In vitro pharmacokinetic model
The various in vitro tests for the determination of antimicrobial interactions involve testing of drugs at a static concentration without any change in concentration with time. However, the in vivo drug concentrations and ratio keep changing with time. To better simulate these changing conditions, PK models were designed. In a single-compartment model, a glass apparatus with inlet and outlet is maintained at 37°C. Fresh media with antimicrobial agents are loaded and the media from the apparatus are withdrawn using a peristaltic pump at a constant rate mimicking the elimination kinetics of the drug and the half-life at the standard dosing regimen of the drug tested. The compartment is charged with a standard inoculum and the change in organism load is compared between single agent and the combination.

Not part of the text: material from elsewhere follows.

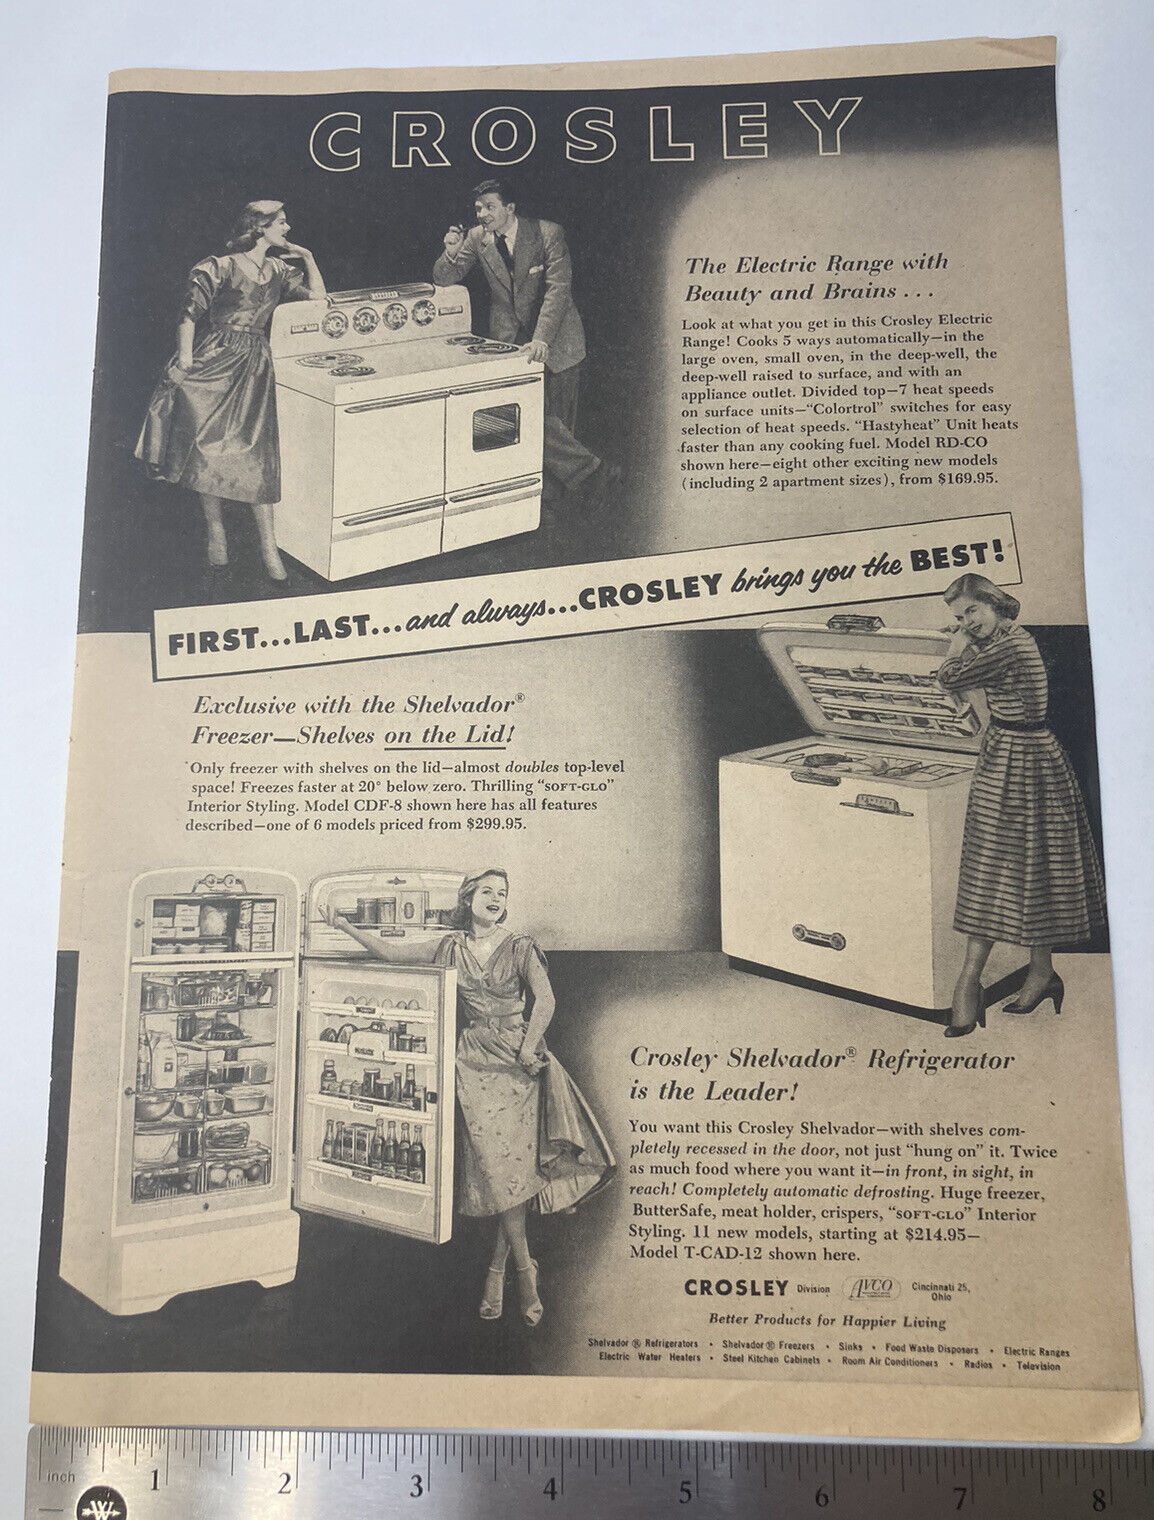 Crosley Electric Range W/ Beauty & Brains, GMC VINTAGE 1952 Print Ad 11x16\
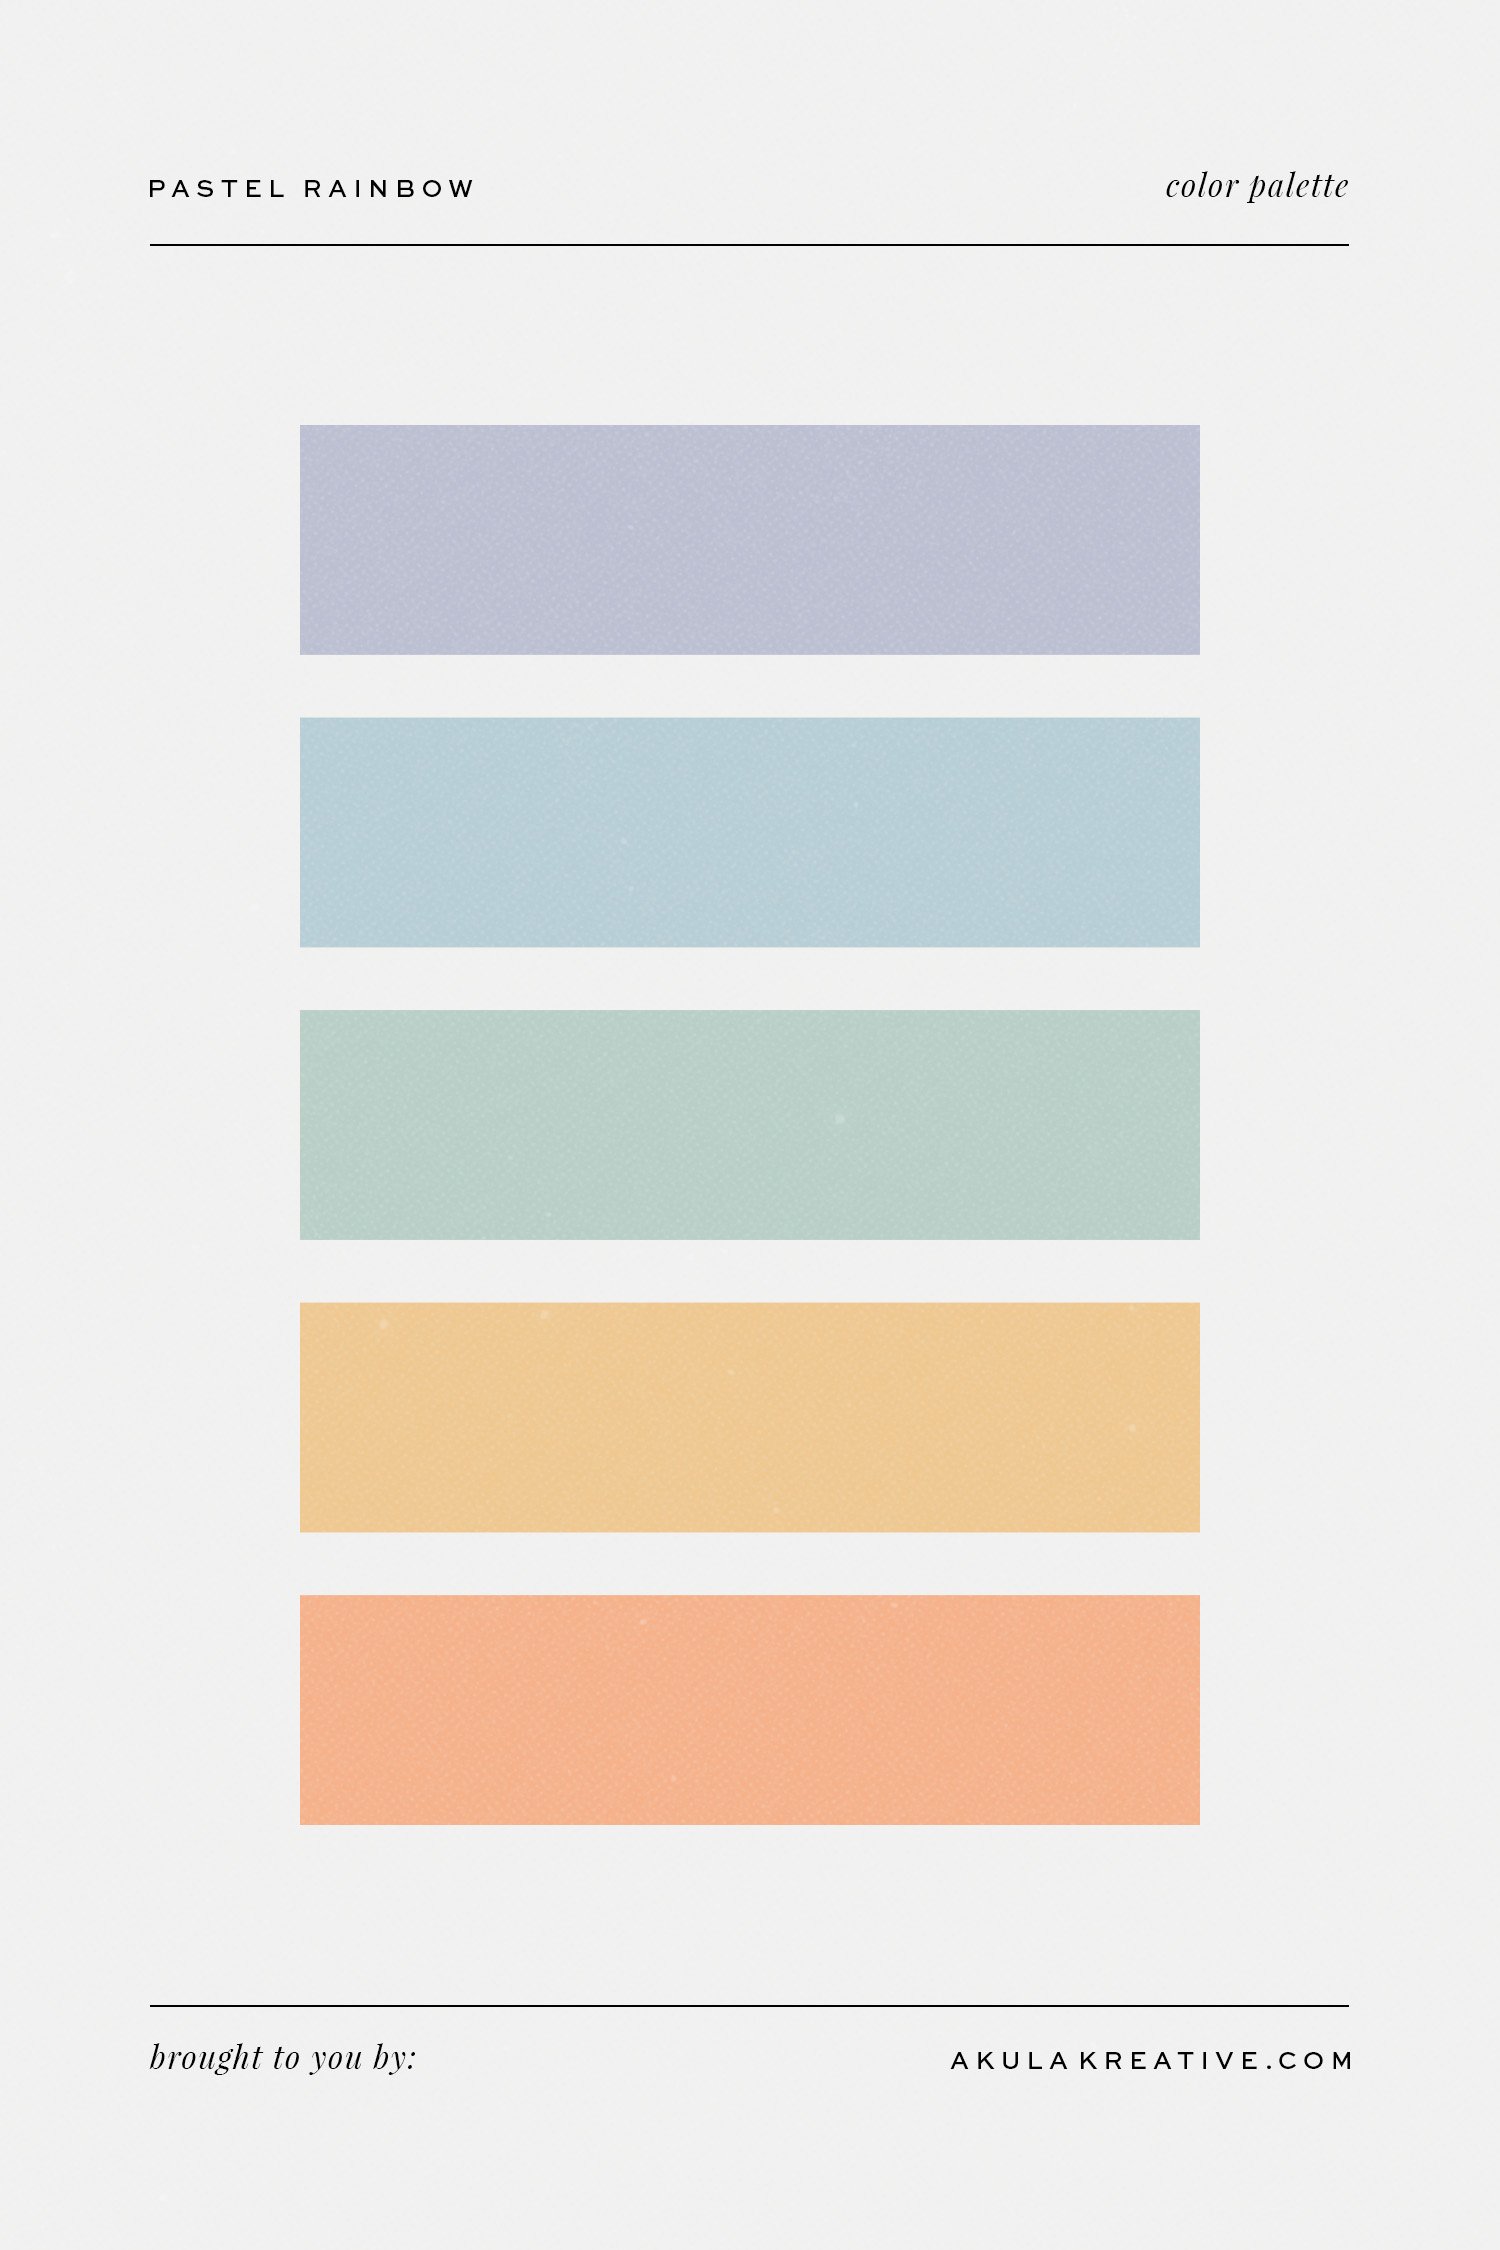 http://static1.squarespace.com/static/64ee2d375f65fc4c58e1cb98/65426d3b2e5f381898d4e2f6/65426d3cf655421247b399b0/1704739658744/pastel-rainbow-color-palette-gray-lavender-blue-green-yellow-orange.jpg?format=1500w

In a two-compartment model, a similar central compartment as above was used with a constant volume with changing antimicrobial concentration. The compartment is connected to three or four dialyser unit which acts as the peripheral compartment. Each peripheral compartment containing 150 ml of the organism culture is exposed to a changing antimicrobial concentration similar to the central compartment. The whole system was then kept at 37°C. This method enables simultaneous testing of up to four isolates.,
The two models mimic the in vivo PK property of the individual agents at the standard dose and regimen. The change in CFU/ml was compared using a standard inoculum for the single-drug administration and the combination regimen at regular time intervals. Synergism is interpreted by decrease of ≥2 log10 CFU/ml compared to the best monotherapy regimen or AUKC analysis can be used to detect synergistic interactions.,
Hollow fibre infection model
The hollow fibre bioreactor is an important advancement in the in vitro combination testing. Currently available in vitro testing methods have a drawback of not examining time and concentration of the drug at various exposure concentrations. Hollow fibre model has an advantage of considering PK and PD parameters; thereby it mimics the in vivo conditions with dynamic concentration of drug over time. The bioreactor module contains thousands of filters with 200 μ in diameter. The peripheral chamber containing the bacteria is separated from the central compartment via semi-permeable membranes, which allows the flow of nutrients and other molecules in and out while retaining the bacteria. These fibres are designed in such a way that the fibre acts as barriers for the flow of contents. Drug concentration is adjusted through infusions at different intervals and by supplying fresh medium to promote dilution of the drug. By adjusting the volume of central reservoir, a state of dynamic concentration of the drug is created, without diluting the bacterial load in the peripheral compartment. Sampling is done from the peripheral compartment at different intervals to quantify the drug concentration and the bacterial count [Figure 5]. This phenomenon provides the reliable PK and PD profiles, which could be considered for clinical decision-making. Two-compartment hollow fibre infection models provide advantages over one-compartment model with respect to the variable concentration of drug exposure over time. Such in vitro PK/PD models are cost-effective and resource intensive. Moreover, it permits the investigation over considerable duration, which is not feasible to perform in animal models. However, this method is technically demanding and requires complex instruments and difficult to standardise.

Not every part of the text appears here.